Pen names are also used to disguise gender, allow an author to distance themselves from previous works, or to even give an author a level of protection against retribution or negativity because of what they’ve written. Some writing groups will also use a pen name to create a singular author for the presentation of the book instead of listing every writer involved.
Sometimes the pen name is common knowledge. J.K. Rowling, author of the Harry Potter series of books, uses the pen name “Robert Galbraith.” This may occur because of the author admitting their pen name or through a discovery process – after all, a writer’s voice is fairly unique.
When Is a Pen Name Permitted to Be Used?
Authors will often use pen names if their real name could be confused with someone else who may be famous or a notable writer in their own right. A classic example of this is Winston Churchill, who would become a famous British politician. He published using his middle initial “S” to differentiate his work from American writer Winston Churchill, who had published works like The Celebrity and Richard Carvel.
An author who writes in different genres or formats will often use a pen name to keep their works separated from one another. Many times there is no intent to hide their identity. Author Nora Roberts even published books that specifically stated “Nora Roberts, writing as J.D. Robb.” This is done as more of a marketing purpose than to disguise the writing. It creates separation in the mind of the reader, preventing previous stories or articles from bleeding through to the reader.
A pen name is also permitted when writers are producing a lot of work. Certain authors are very prolific and may have multiple items being marketed simultaneously. Instead of having 5 different works by “John Smith” on the market to compete with each other, having 5 different author names allows for separation for the reader. Stephen King, for example, used to publish under the pen name Richard Bachman because his publisher didn’t think people would buy more than one book from a single author in a single year.
Those are clear examples of a pen name being permitted. In reality, any author can choose to use a pen name for any reason they wish.
When an Author and Their Name Doesn’t Suit a Genre
Sometimes an author chooses to use a pen name because they believe their real name isn’t a good reflection of their preferred genre. One of the most famous examples of this is from an author named Pearl Gray.
Gray loved to write Westerns. He is one of the most prolific Western writers of all time. Except you may not know him by his real name. His books were all published under the pen name of Zane Grey.
There may be legitimate reasons why an author may choose to use a pen name for their books because of the genre as well. Author Julie Woodcock, for example, writes romance novels. Instead of having people getting caught up in the double entendre of her name, she chooses to write under the pen name of Angela Knight.
In one famous example, author Romain Gary started writing under a pen name and had a relative pretend to be the author. This allowed him to one a French literary prize twice, which was not actually allowed.
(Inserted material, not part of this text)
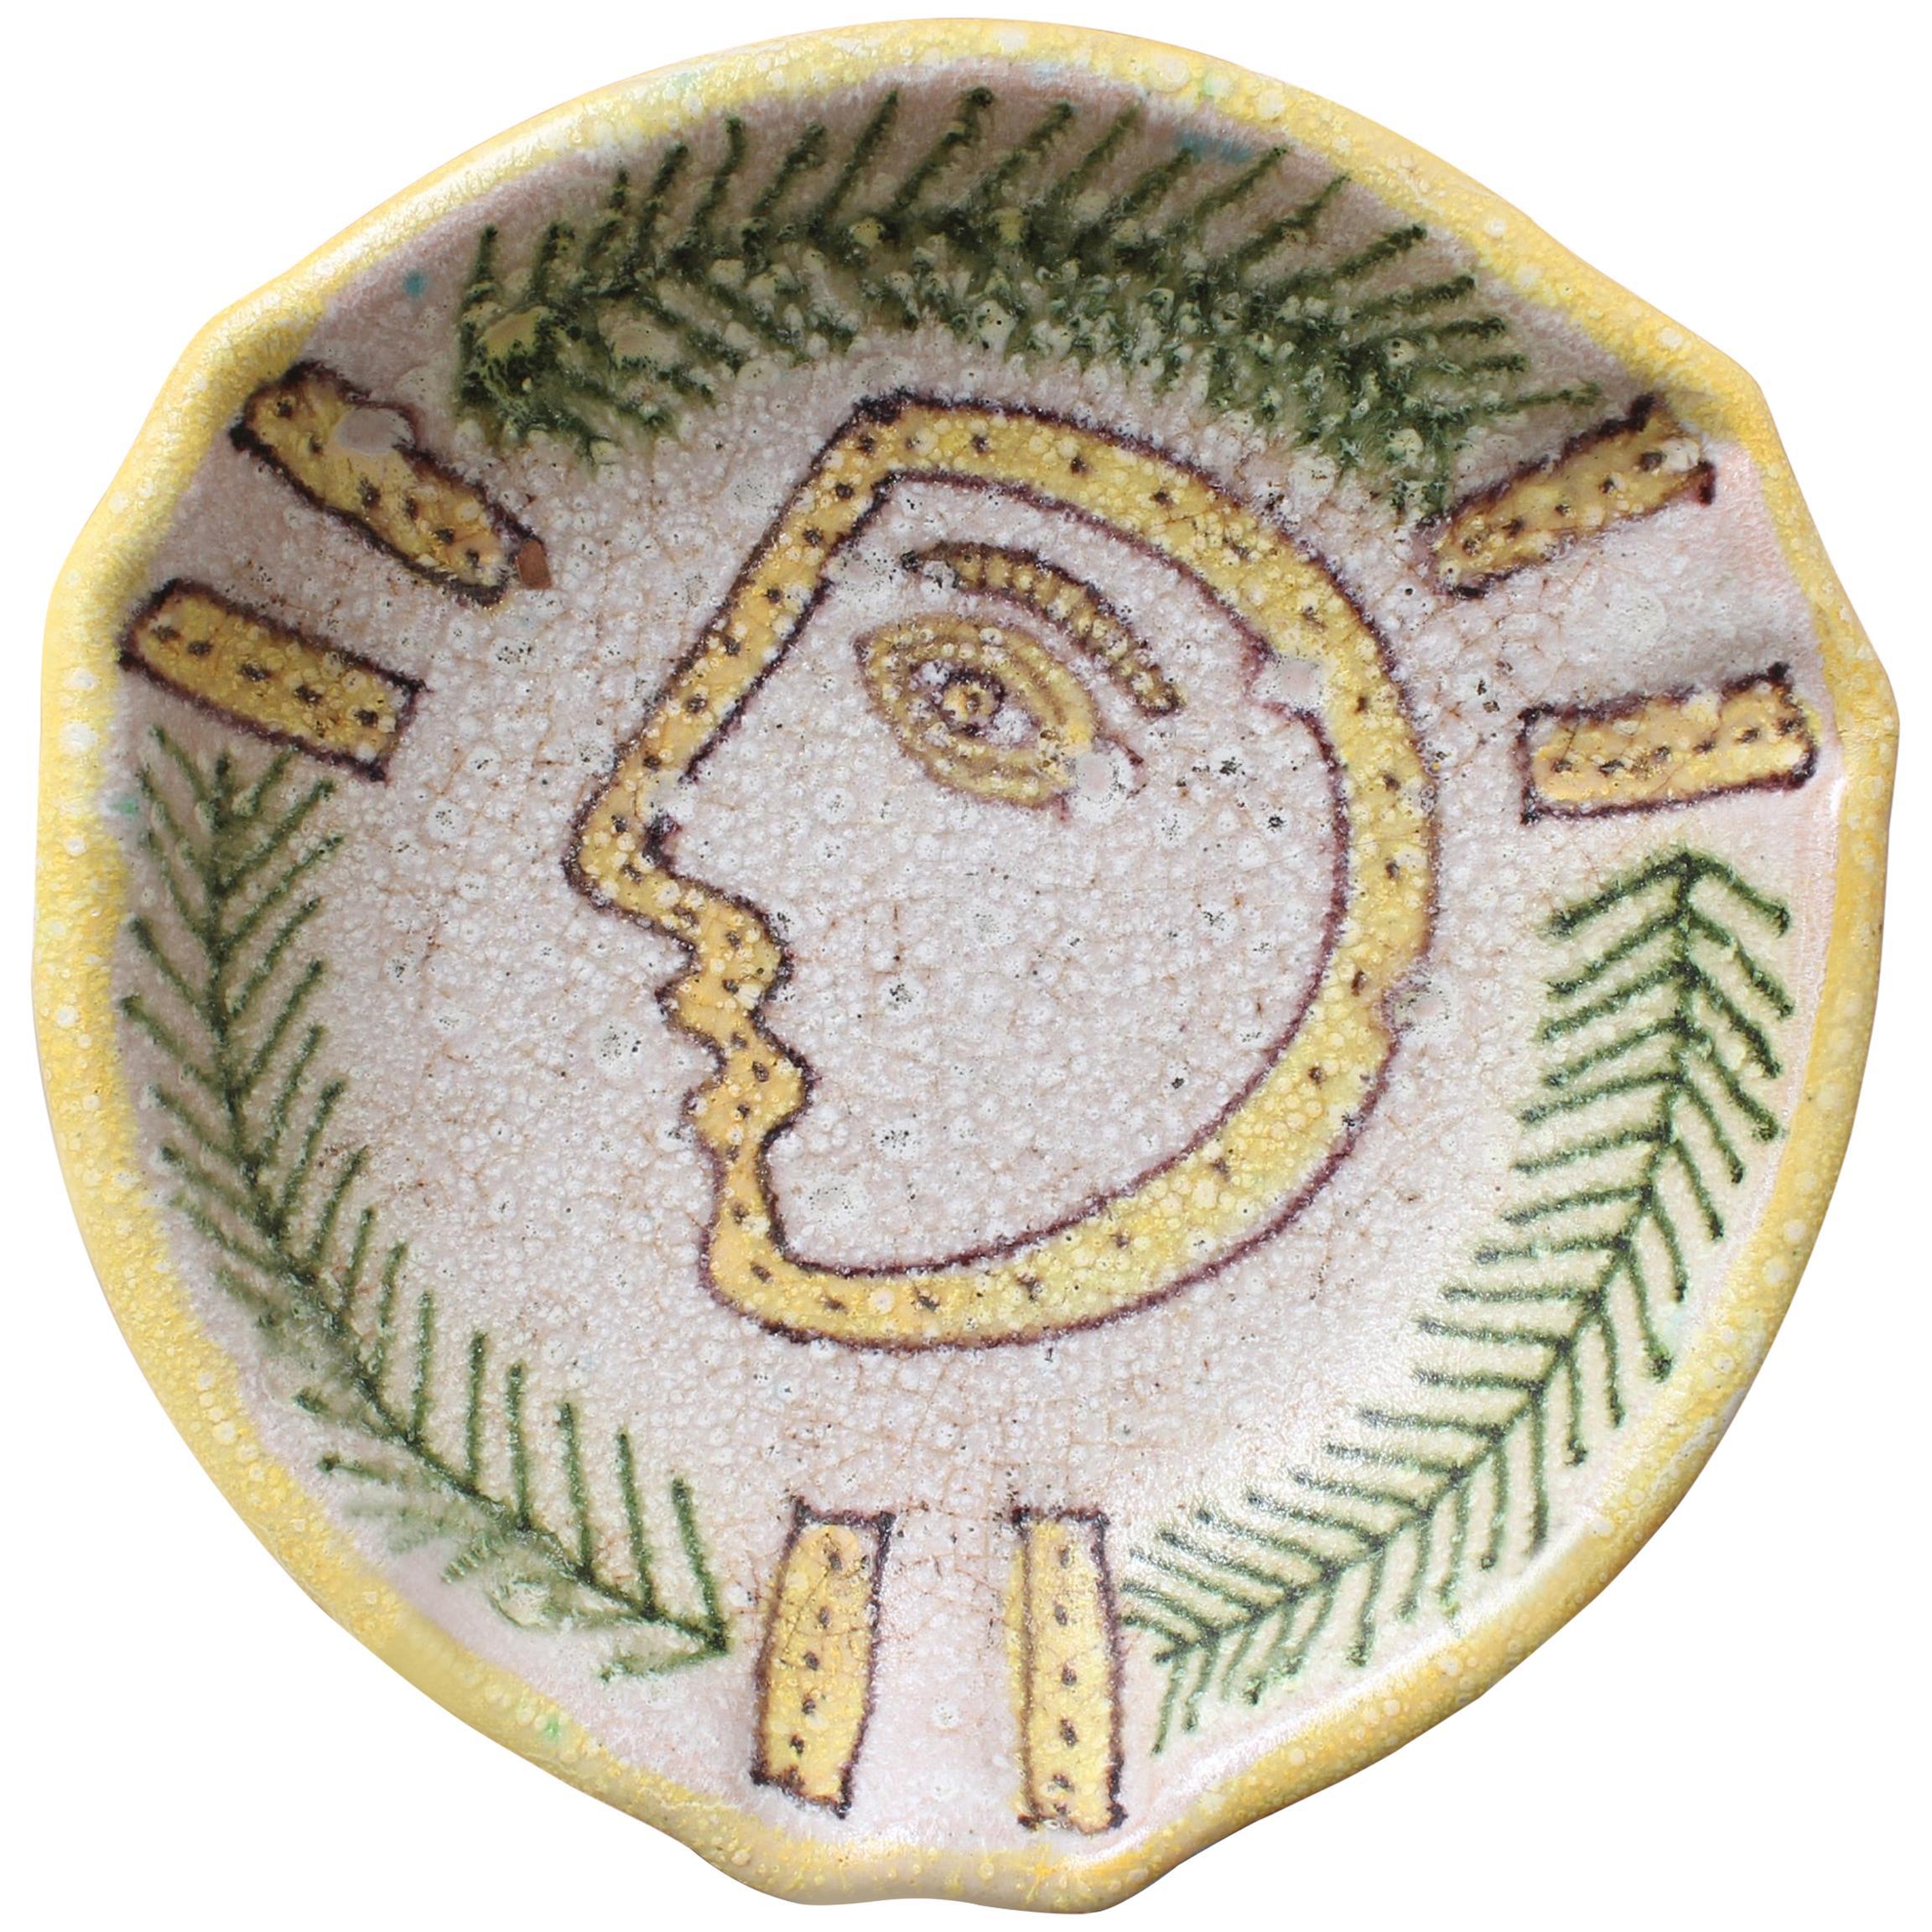 Italian Midcentury Decorative Ceramic Bowl by Guido Gambone, circa 1950s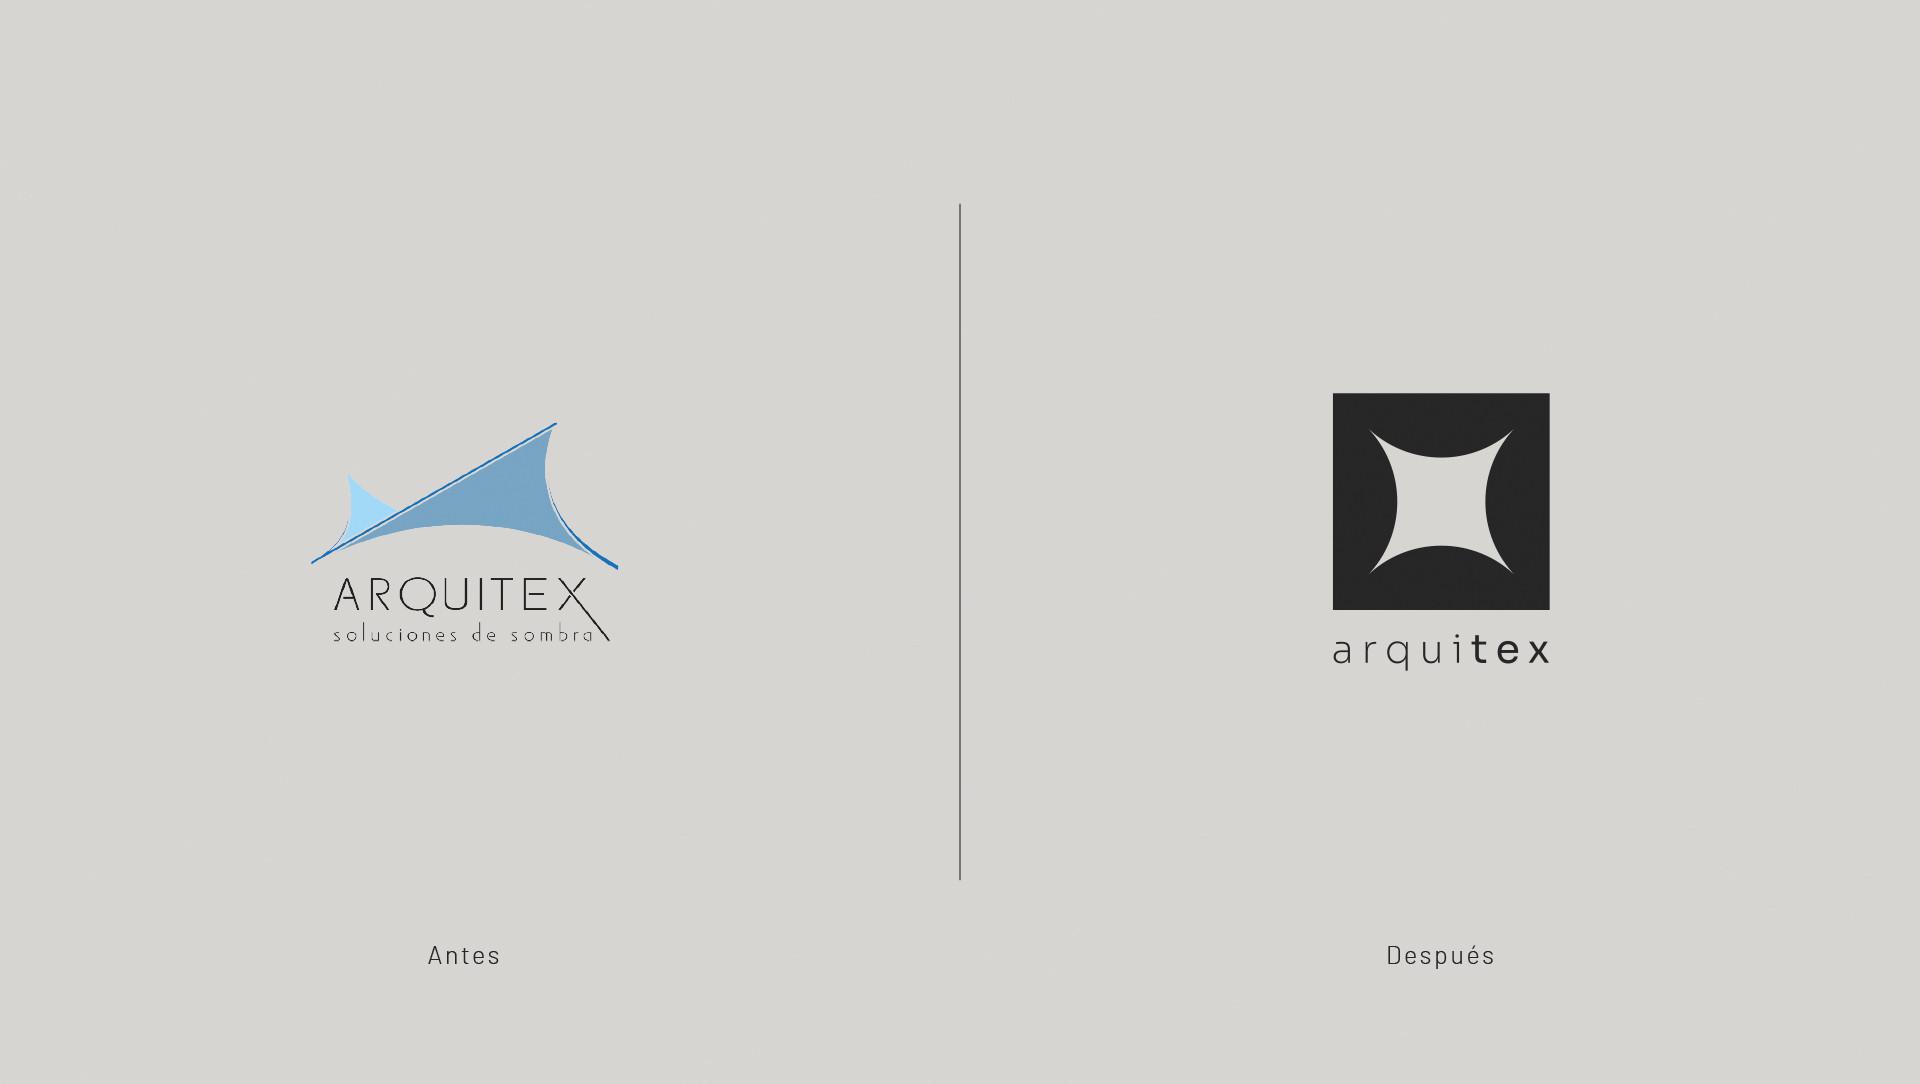 ARQUITEX_03.jpg

Does a Pen Name Make Sense to Use?
A pen name makes sense to use if your real name is difficult to say, may create confusion for the reader, or could draw attention away from the material being used. When you are published as an author, your name becomes your brand. That brand must make sense for what you’ve written. If it does not, then a pen name is a good way to keep getting your work published.
But a pen name isn’t absolutely necessary. You can make slight alterations of your current name, add a middle initial, or change how your name is spelled to create the results you need. That way you can embrace your inner Samuel Clemens so that your work can embrace its inner Mark Twain.